From this, we might assume that someone would have the right to extract all of their data from a platform like Facebook, Twitter, or Snapchat, and transfer it to a new platform that offers a similar service.

Why would someone want to do this? One reason might be that an alternative service provider offers greater privacy protections, which in turn would create greater competition among monopolistic platforms.

This also gives Canadians the opportunity to make meaningful choices about how they share their personal information with platforms.

International models

In the European Union, Article 20 of the General Data Protection Regulations (GDPR) gives residents a right to data portability.
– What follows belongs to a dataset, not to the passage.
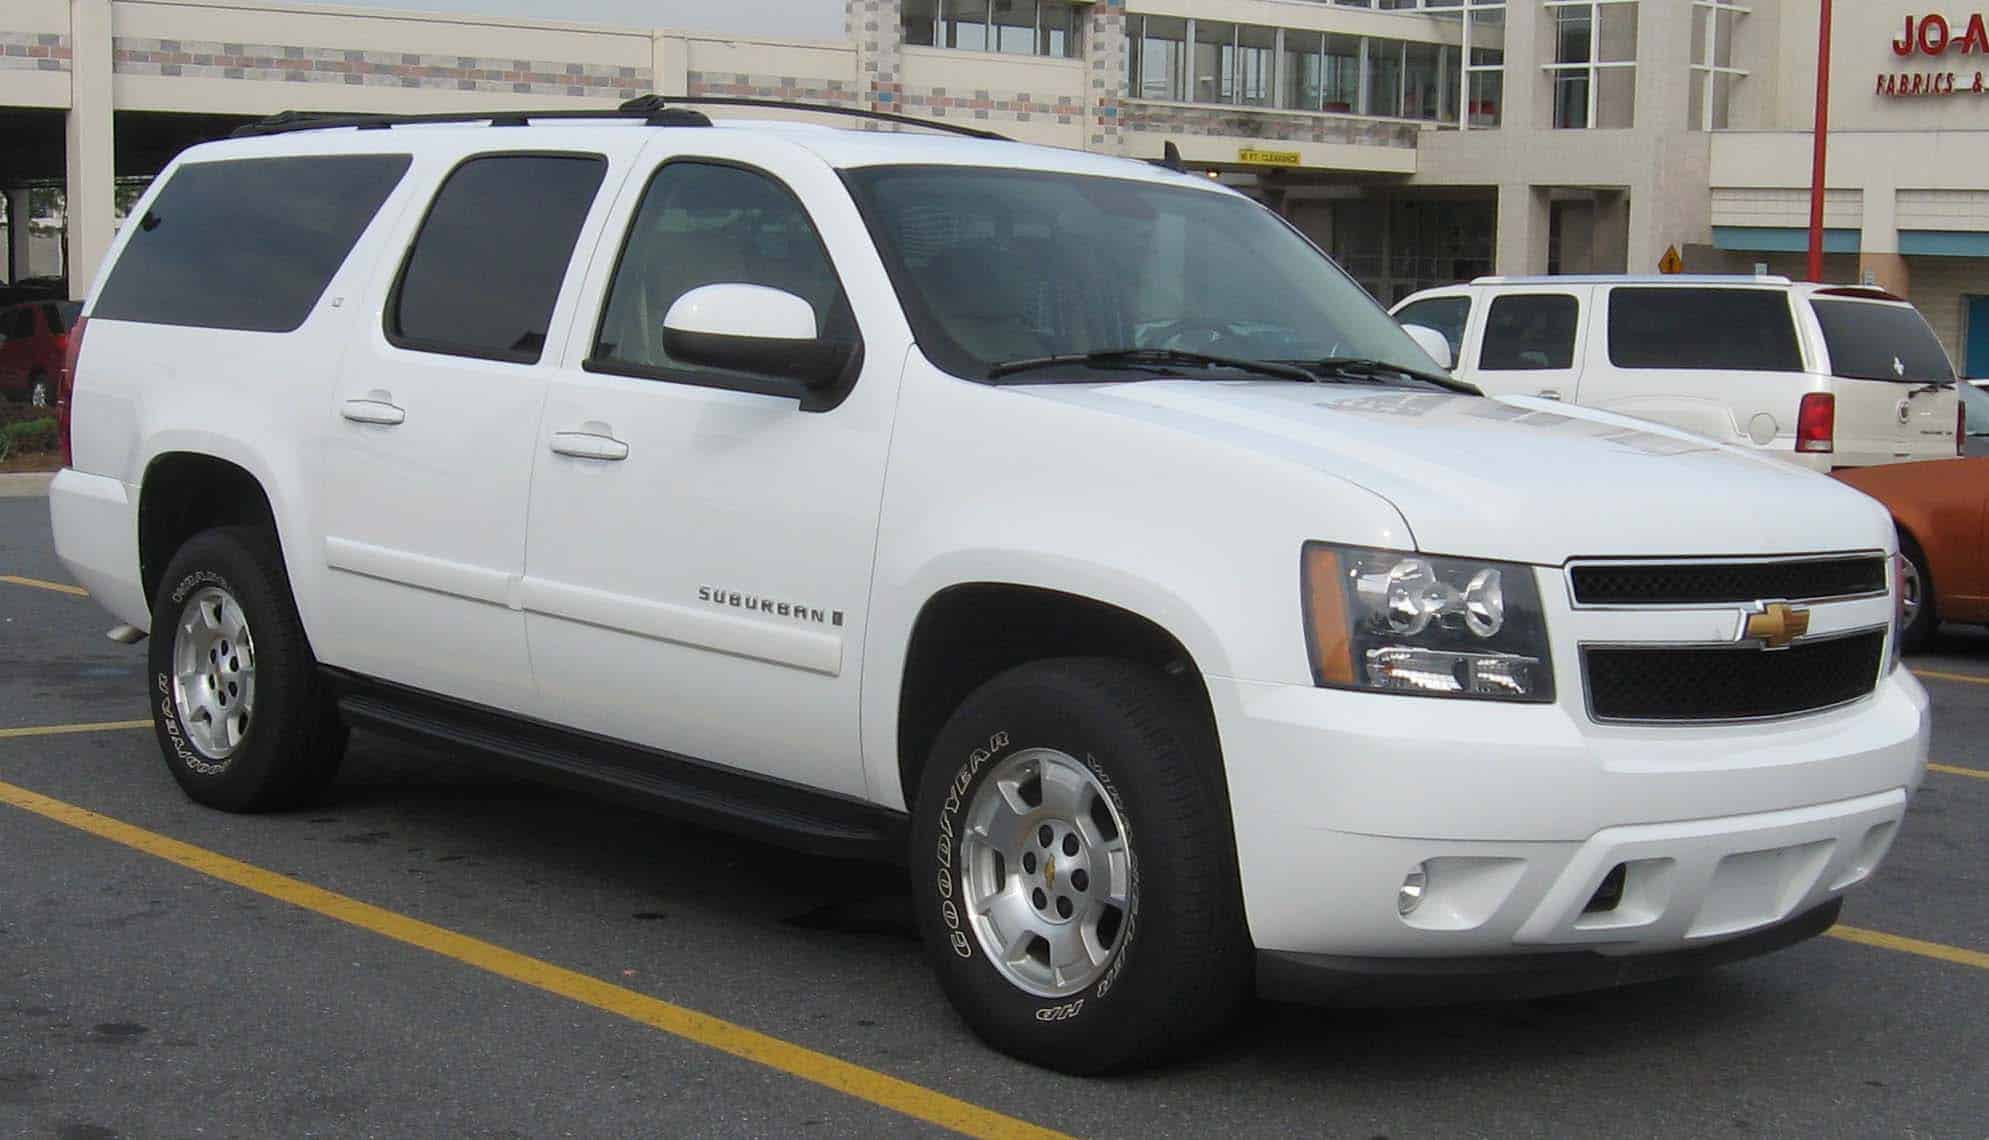 2007 Chevrolet Suburban
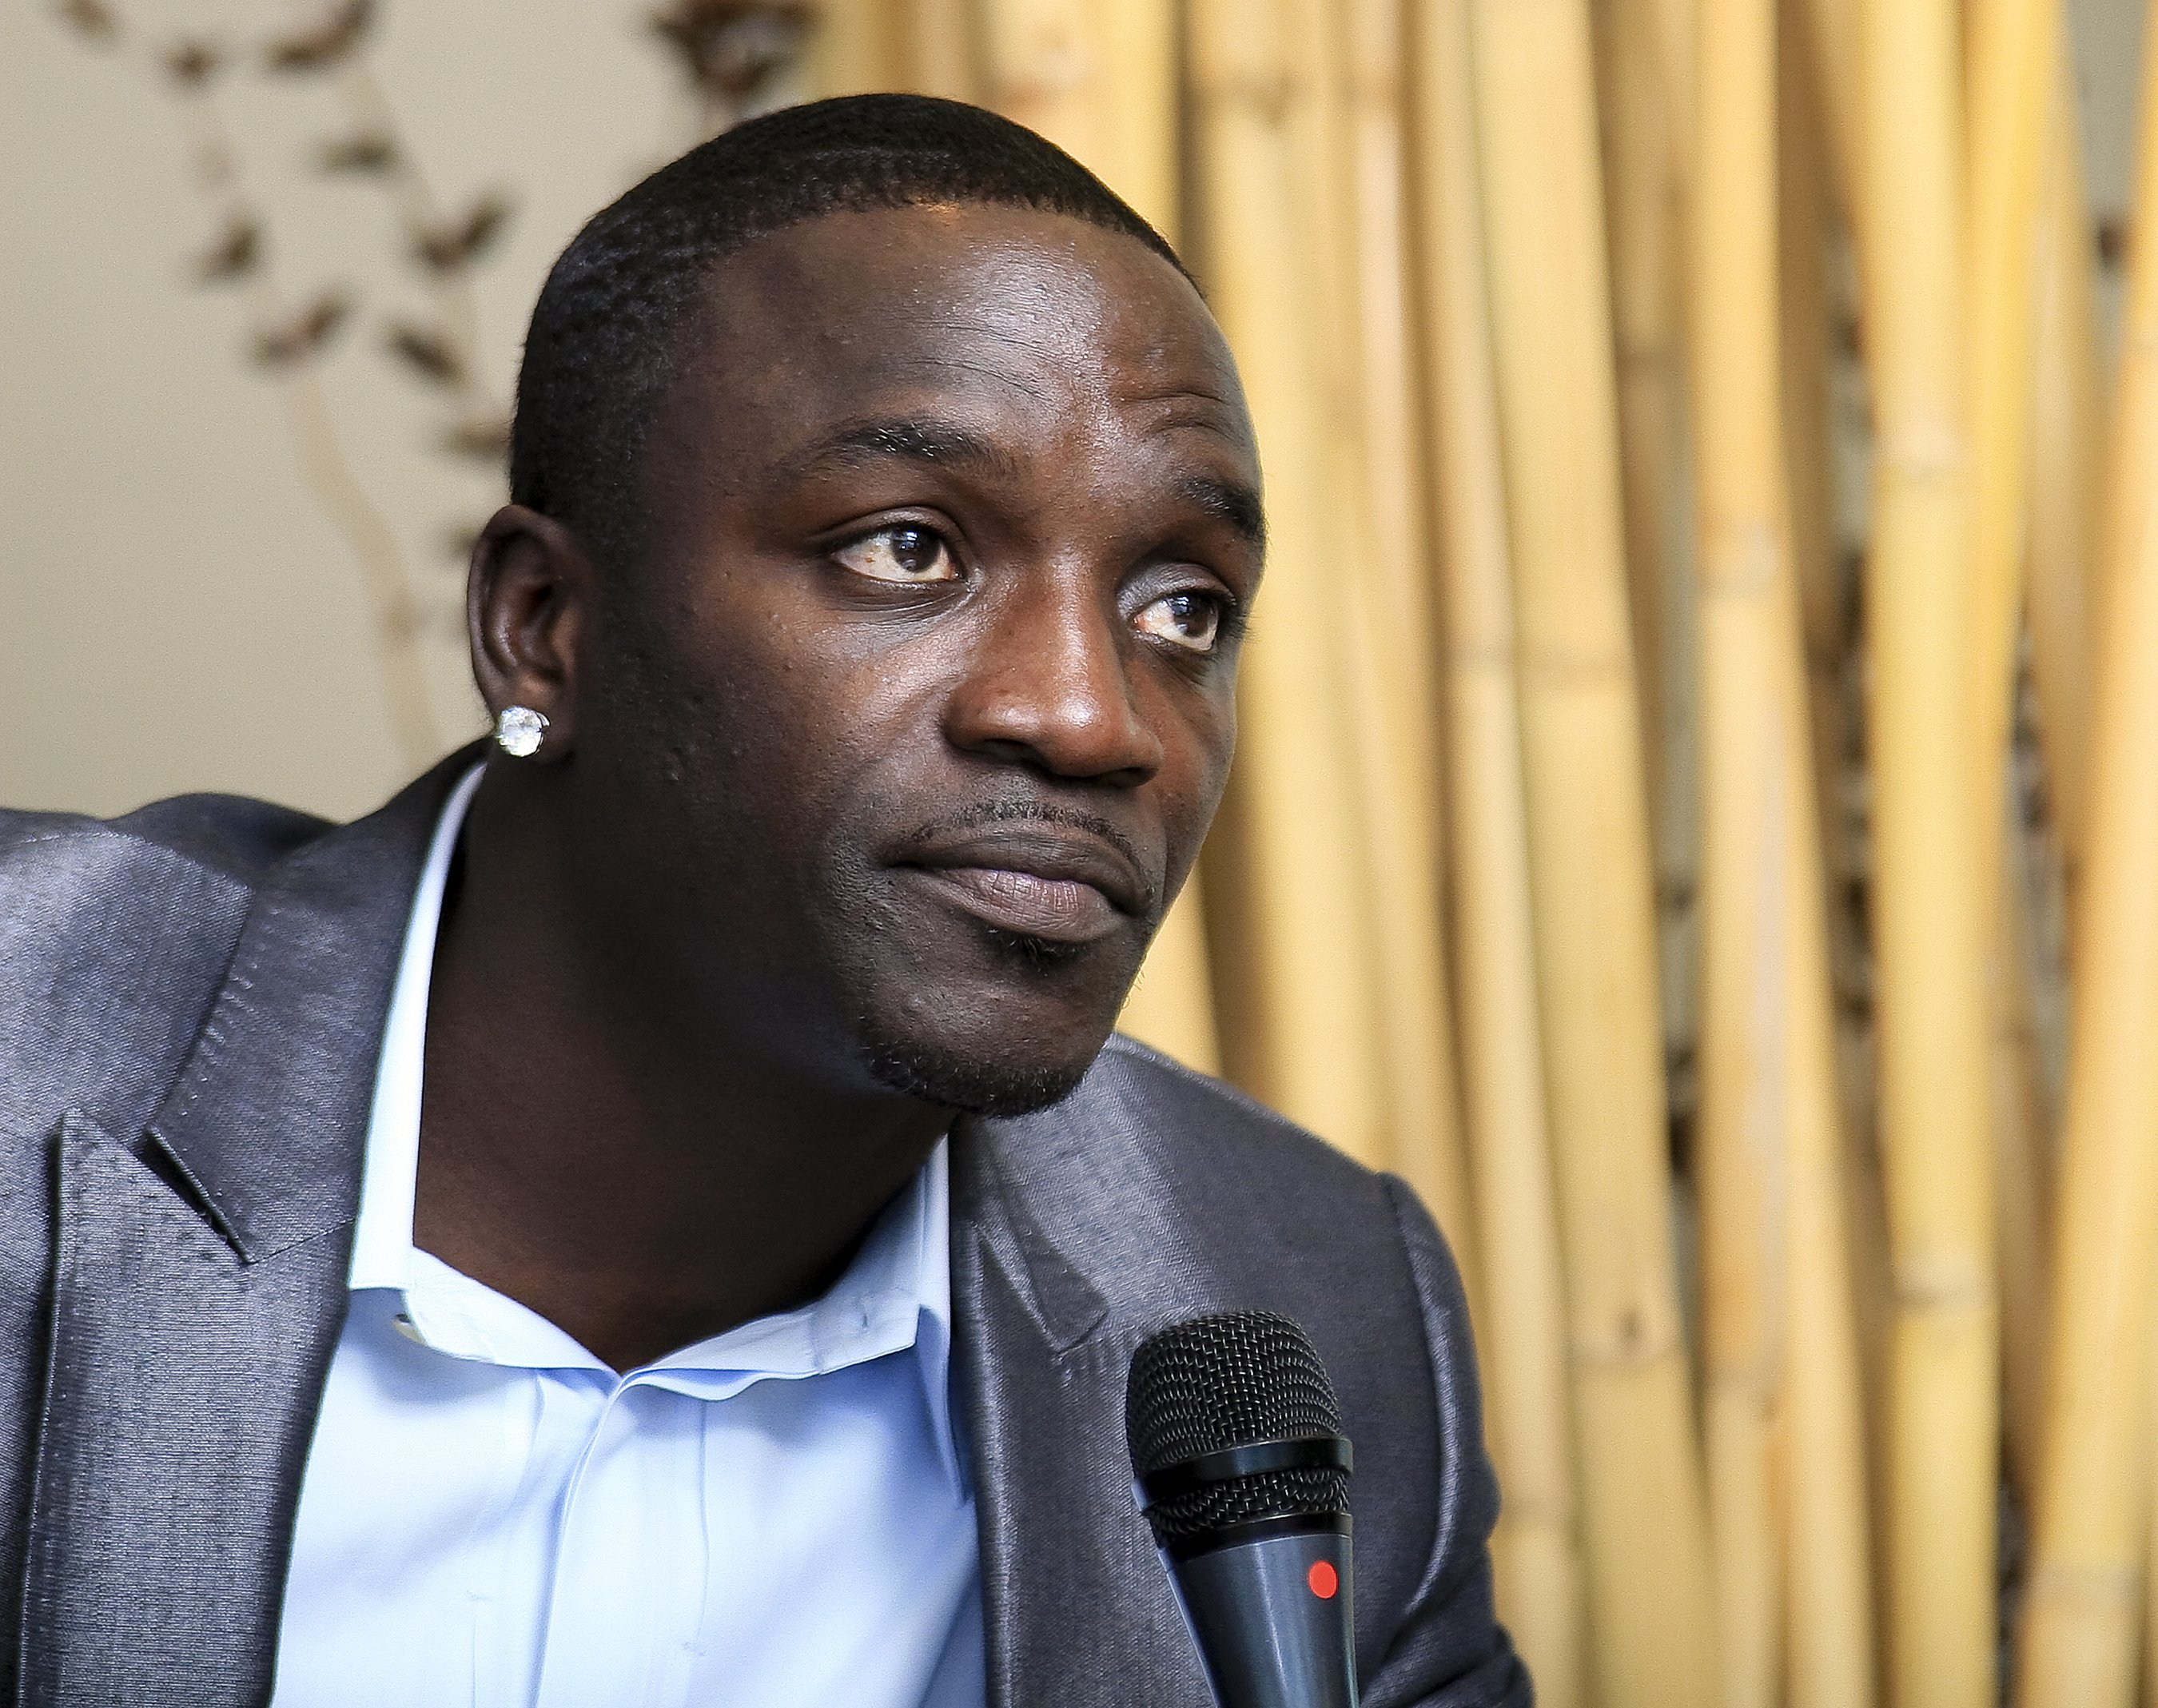 World-famous singer Akon gets hair transplant in Türkiye | Daily Sabah

This right allows data subjects to receive personal data about themselves from data controllers and transmit that data to other controllers.

The GDPR also ensures that the data is provided “in a structured, commonly used and machine-readable format” and provides the right to have the personal data transmitted directly from one data controller to another.

A major difference between the European Union’s GDPR and Canada’s PIPEDA is that Canada’s private sector privacy legislation frames privacy as data protection and not as a fundamental human right.

What does a humans rights based approach to privacy look like in legislation? Article 4 of the GDPR lists the fundamental rights the Regulation respects, which include:

“[T]he respect for private and family life, home and communications, the protection of personal data, freedom of thought, conscience and religion, freedom of expression and information, freedom to conduct a business, the right to an effective remedy and a fair trial, and cultural, religious and linguistic diversity.’

The proposed right to data portability is a significant step towards creating a human rights based approach to privacy in Canada. While it is not as comprehensive as the GDPR, it will give individuals greater autonomy in their ability to control their own personal data.